Здесь контролируют все стадии производства в цехах: берут пробы растворов, а содержание твердых веществ определяют с помощью рентгена. Екатерина Анатольевна Иванова долго работала как раз на приборе АРФ. Конечно, к вредности урана (а лаборантки уходили на пенсию в 45 лет, по первому списку) добавлялось еще и рентгеновское облучение, но были и плюсы: рабочий день на час меньше, так что набирался дополнительный выходной, что для женщины очень ценно. Коллектив был не маленький, в лучшие годы в день и по сменам работало около 80 человек. Народ в лаборатории был не только очень грамотный, но и дружный, бывшие коллеги встречаются до сих пор.
Тамара Александровна Бобровская с мужем приехала с Урала в 1971 году. Как и многих, их привлекла возможность получить жилье. Пожили в поселке, а через 2 года получили квартиру в 3 микрорайоне. Тамара Александровна сначала пошла работать подсобной рабочей, потом лаборанткой, без отрыва от производства закончила Ленинградский Технологический институт. Была председателем профкома лаборатории. Ее дочь, Нина Викторовна показывала альбом, который ее матери подарили коллеги, он сделан с большой любовью. Она подтвердила, что в лаборатории был очень дружный коллектив. И даже после выхода на пенсию работники ЦЗЛ встречались, поддерживали друг друга в трудную минуту. Вот еще несколько фото лаборатории.
Нина Викторовна вспоминала подруг матери — Валентину Павловну Серегину, Валентину Николаевну Лазареву, Галину Давыдовну Якименко, Зинаиду Модестовну Кузнецову. Очено тепло говорила об Антонине Васильевне Русаковой, заместителе начальника лаборатории, человеке удивительной доброты.
ЦНИЛ
Я воспользуюсь отрывками из воспоминаний о работе ЦНИЛа Владимира Александровича Царькова, который работал здесь в середине 70-х годов. Вот что он пишет: «В ЦНИЛе было несколько лабораторий, но из основных – производственных две: технологическая – гидрометаллурги-химики, где начальником был иронично-остроумный Толя Югай и лаборатория обогащения. В лаборатории было две группы: радиометрических методов – рук. Захаров В. И. и общих методов обогащения. Из инженеров в этой группе были Пирогов и Витаийл Тарюкин. В ЦНИЛе было много молодых инженеров – вместе играли в футбол, очень было популярно в обеденный перерыв устраивать турниры по блиц-шахматам. Хорошо играли Толя Югай, Володя Петрович, Валя Тихонов, Слава Яхно, Виталий Тарюкин, хвастливый Олег Петухов, Вадим Кожевников, Володя Чернышов, Саша Голобов и др. Также вместе ездили на своих машинах на рыбалку на Селетинское водохранилище. Осенью нас отправляли в совхоз на помощь целинным хлеборобам.

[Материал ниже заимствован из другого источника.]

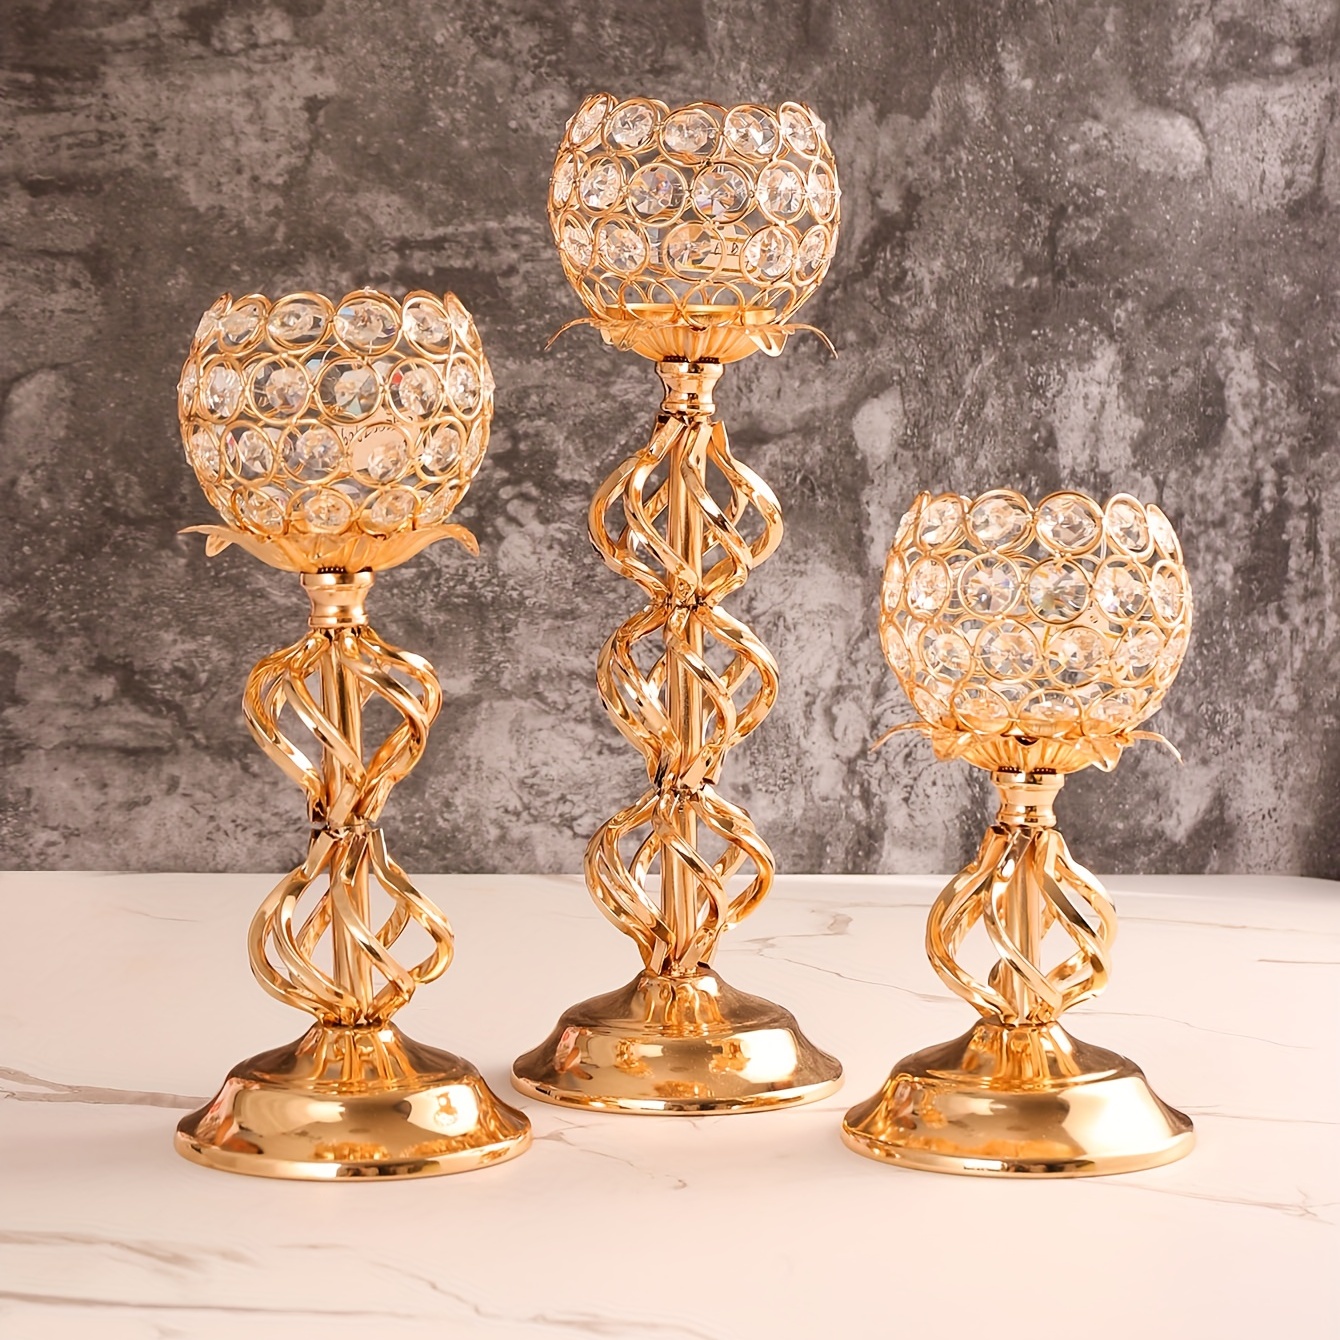 Candelabros decorativos de cristal plateado con 3 brazos, portavelas de  mesa, centro de mesa, decoración para mesa de comedor, decoración del  hogar

Это все сотрудники основной технологической лаборатории, которая, как и лаборатория обогащения располагались в другом корпусе КИПа, ближе к 24 зданию завода. В основном здании управления ГМЗ, также размещалось начальство ЦНИЛ и другие второстепенные лаборатории: аналитики, охраны среды и др. Начальник ЦНИЛ — Потапов В. П. интеллигентный, строгий и требовательный, его зам по науке Нерлов В. А. — знающий и деликатный. Там также располагались лаборатории, где начальниками были Г. Ф. Шумков, В. К. Бубнов, П. Ф.Касич, Г. И. Конев и др.»
Столовая
В первые десятилетия работы завода люди шли на работу через столовую: с ураном работать на голодный желудок нельзя. В составлении меню учитывалось, что полезно есть в условиях радиации: нужно много мяса, например, а вот жирная пища вредна. Еда была разнообразная, всегда был выбор 1, 2 и 3 блюд. Сначала столовая находилась в отдельном здании за территорией завода, а потом — для тех, кто работал в цехах, — в 19 здании.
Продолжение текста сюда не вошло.